A US Air Force tilt-rotor aircraft crashed in southeastern Afghanistan, killing three service members and one government contractor, NATO said yesterday.
Other personnel aboard were injured and were taken to a military base for treatment, NATO said.
The CV-22 Osprey went down about 11km from Qalat, the capital of Zabul Province, NATO said. The cause of the crash was under investigation.
The Osprey takes off and lands as a helicopter, but its engines roll forward in flight, allowing it to fly faster than a standard helicopter.
A Zabul government spokesman, Mohhamed Jahn Rasuliyar, confirmed the crash and the number of casualties.
A Taliban spokesman had earlier claimed militants shot down the aircraft, part of a pattern of the insurgents making false and exaggerated claims to promote their cause of driving foreign forces from the country.
Choppers are used extensively by both NATO and the Afghan government forces to transport and supply troops spread across a mountainous country with few roads. Losses have been relatively light, despite insurgent fire and difficult conditions and most crashes have been accidents caused by maintenance problems or factors such as dust.
Lacking shoulder-fired missiles and other anti-aircraft weapons, the Taliban rely mainly on machine guns and rocket-propelled grenades to target helicopters at their most vulnerable during landings and takeoffs.
One of the heaviest single-day losses of life for allied forces occurred on June 28, 2005, when 16 US troops died aboard a Special Forces MH-47 Chinook helicopter that was shot down by insurgents.
The incident was the first known deadly crash of an Osprey since the aircraft entered active service in 2006.
The Osprey is the US military’s latest generation transport aircraft, able to travel twice as fast and three times farther than its predecessor, the Vietnam War-era CH-46 Sea Knight.
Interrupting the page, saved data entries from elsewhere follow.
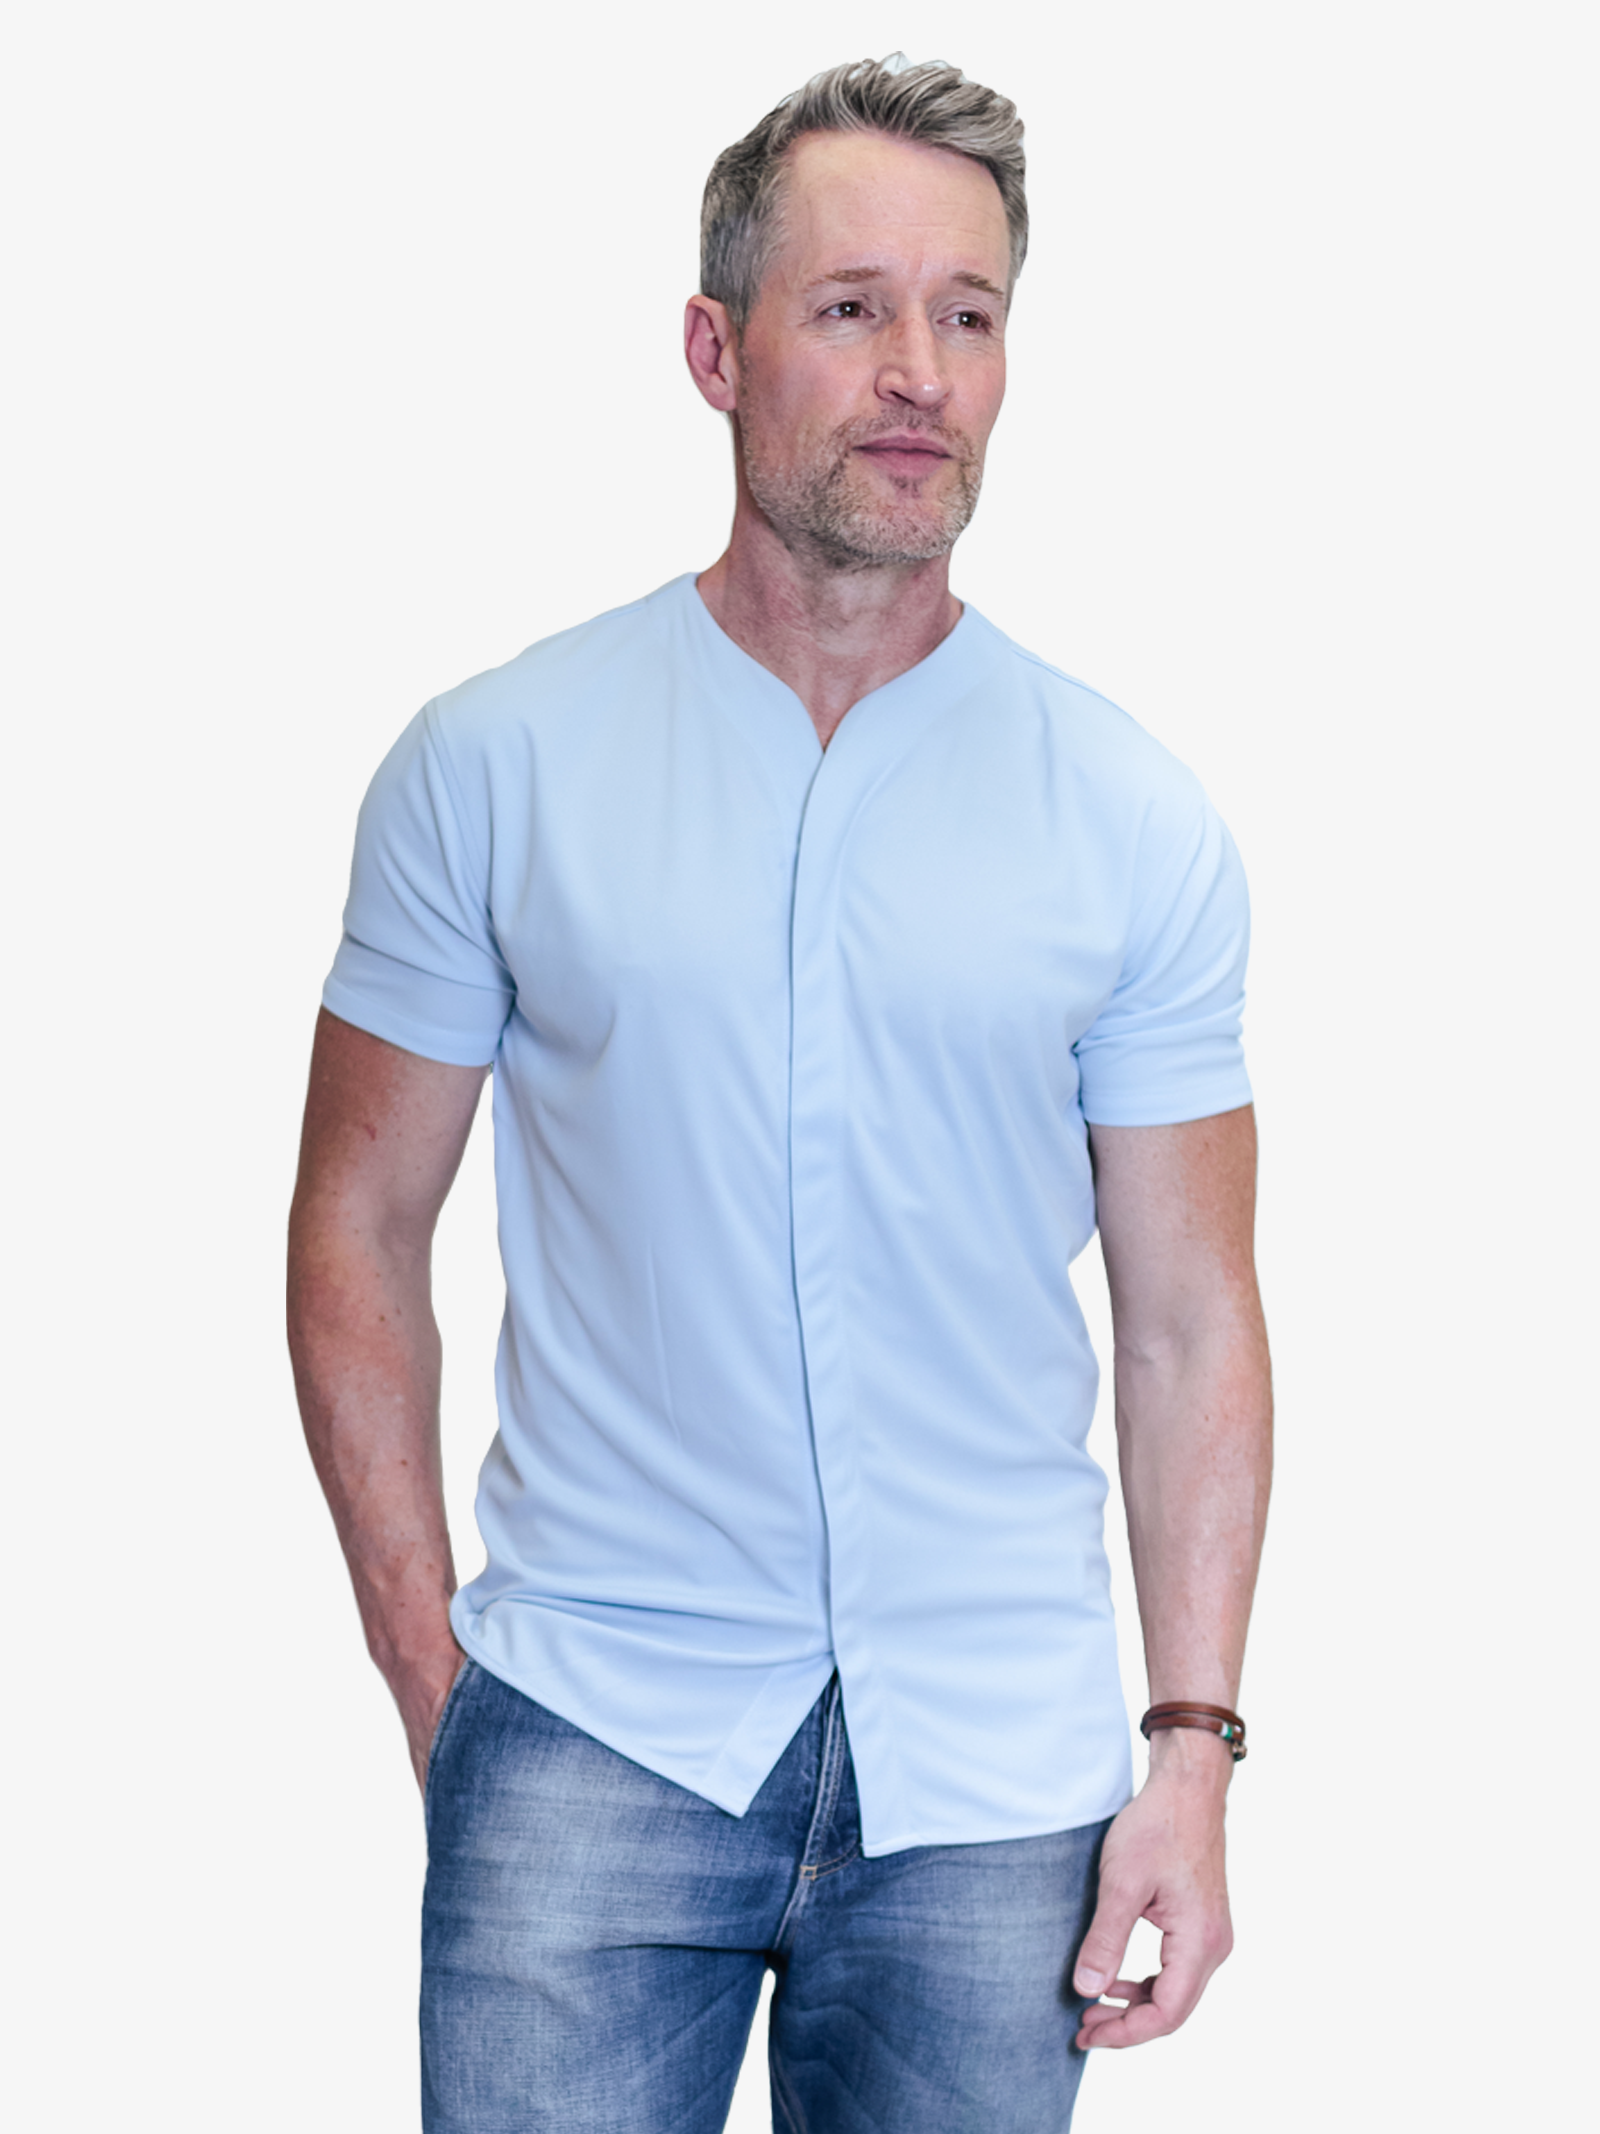  YONGHS Men's Short Sleeve Turn-down Collar Button
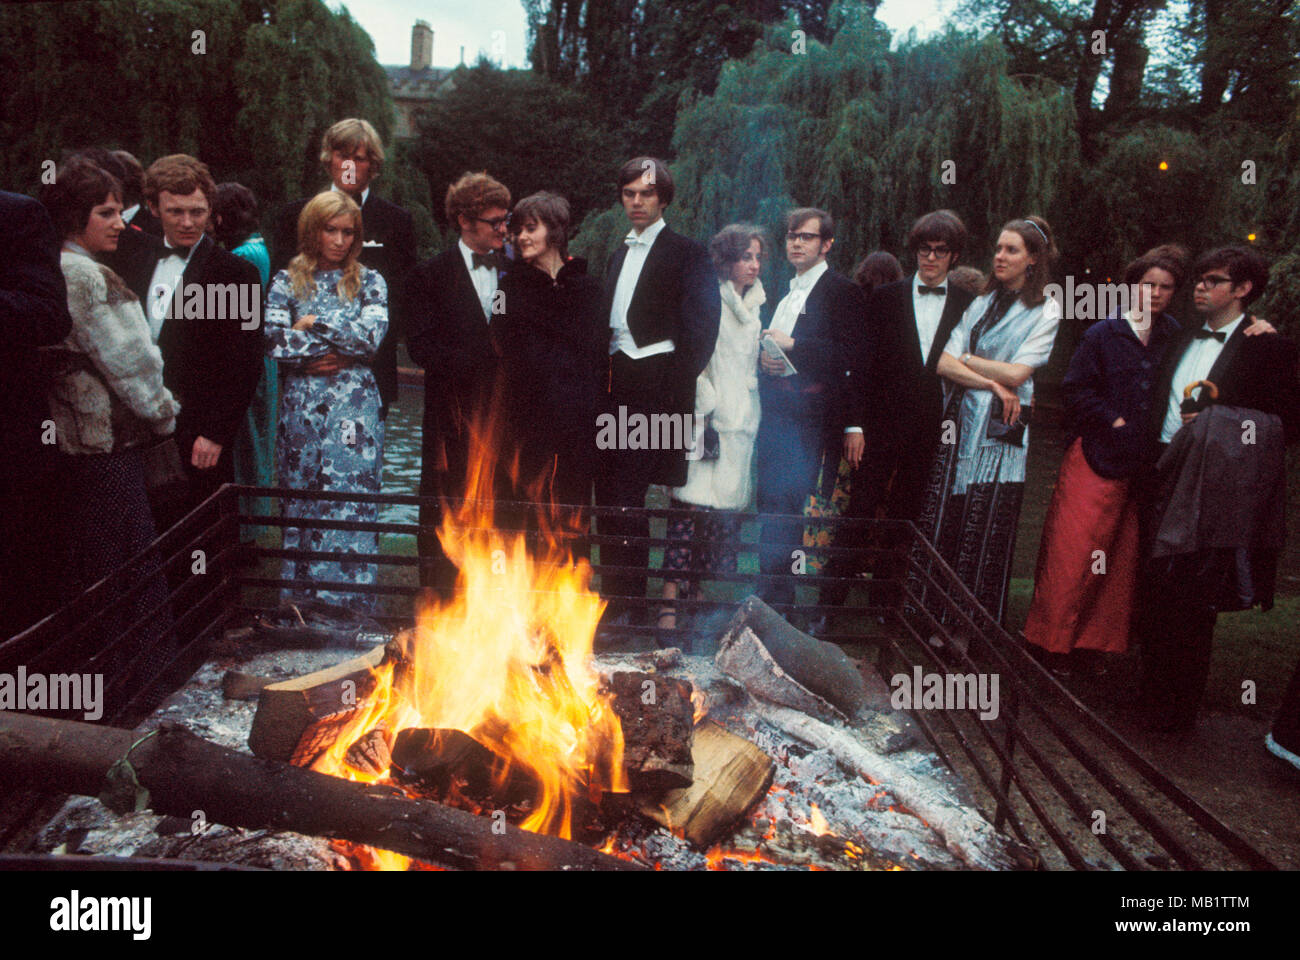 Dawn,May Ball. Trinity College Cambridge, 1971. Stock Photo
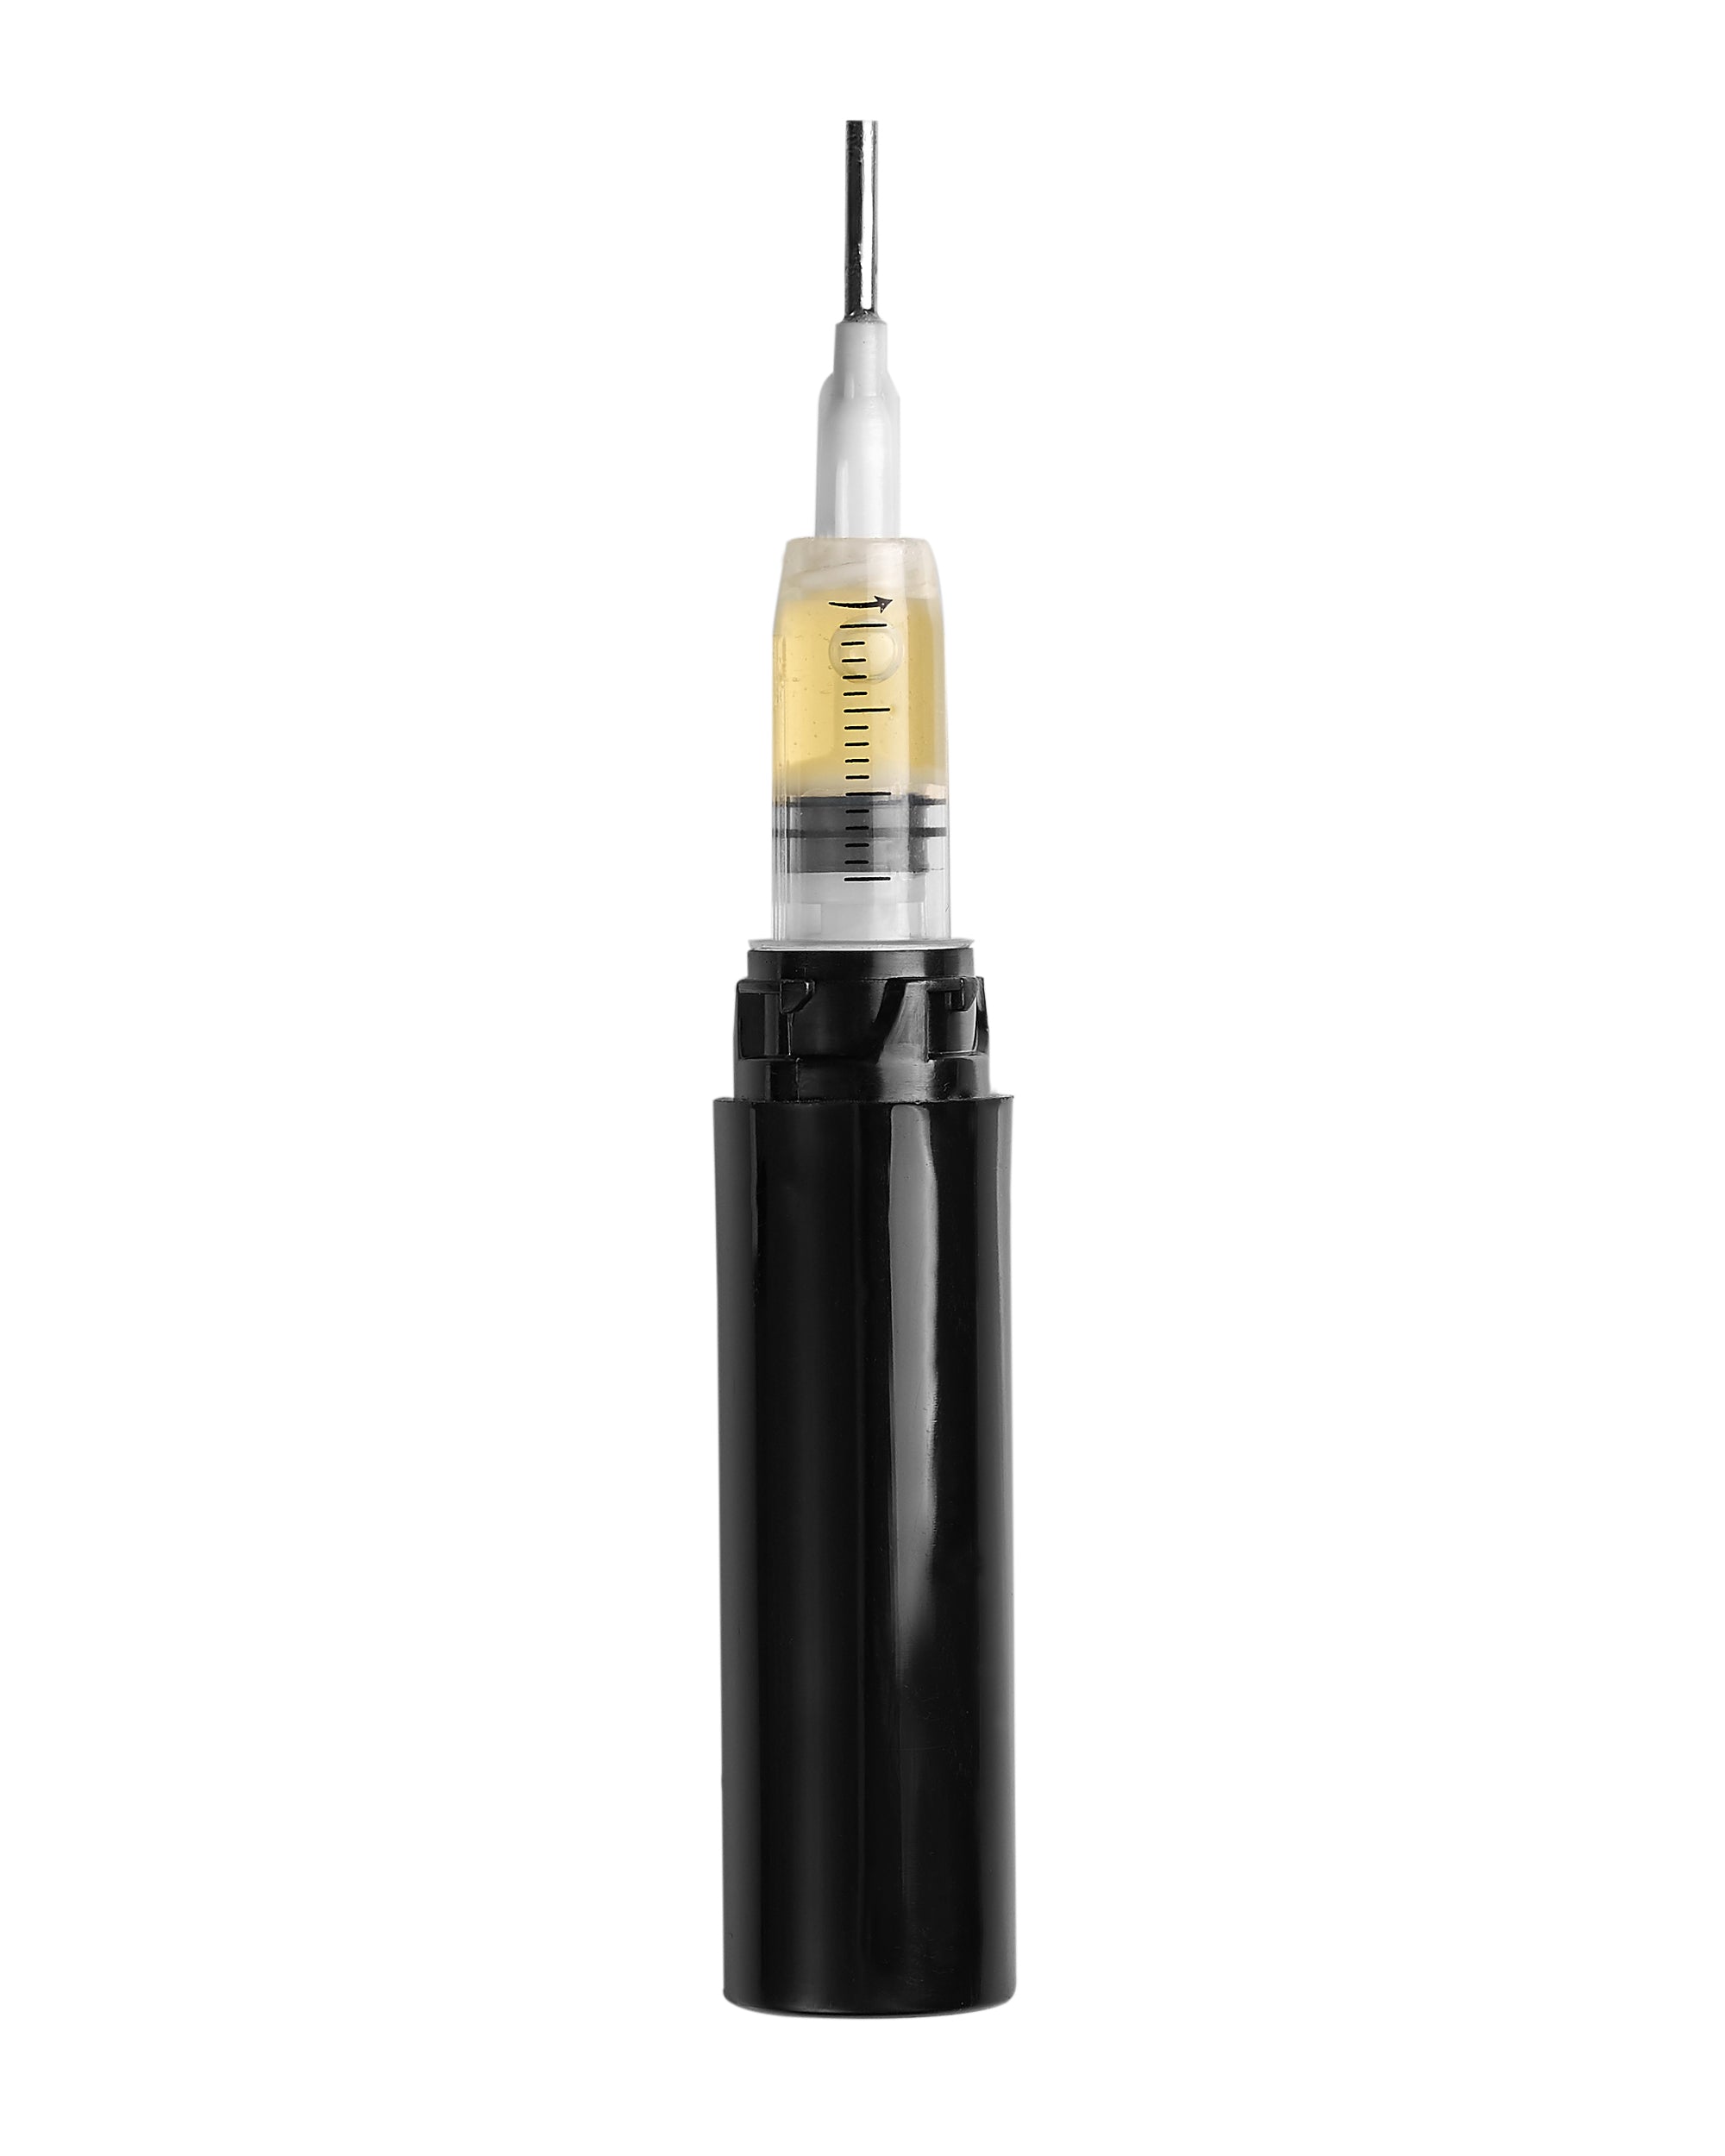 Child Resistant & Luer Lock | DymaPak Twistspenser Black Plastic Dab Applicator Syringes | 1mL - 0.33mL Increments - 2

With room for up to 24 passengers, it comes equipped with sophisticated guidance and missile defense systems.
The original program, a US$40 billion joint venture of Boeing Co and Textron Inc’s Bell Helicopter unit, was beset by delays and plagued by design flaws and other problems.
It was nearly canceled several times due to cost overruns — which pushed the bill to more than US$100 million per aircraft — and a series of fatal crashes and other incidents. In 2000, a crash in Arizona killed all 19 Marines aboard and a separate crash killed four Marines in Florida.
Critics say the aircraft is particularly vulnerable to ground small-arms fire while its engines are shifting from vertical to horizontal flight. They say that, unlike fixed-wing aircraft, the Osprey can’t glide down to an emergency landing in case of a loss of power and its propellers lack the ability to keep rotating on their own even after the engines fail.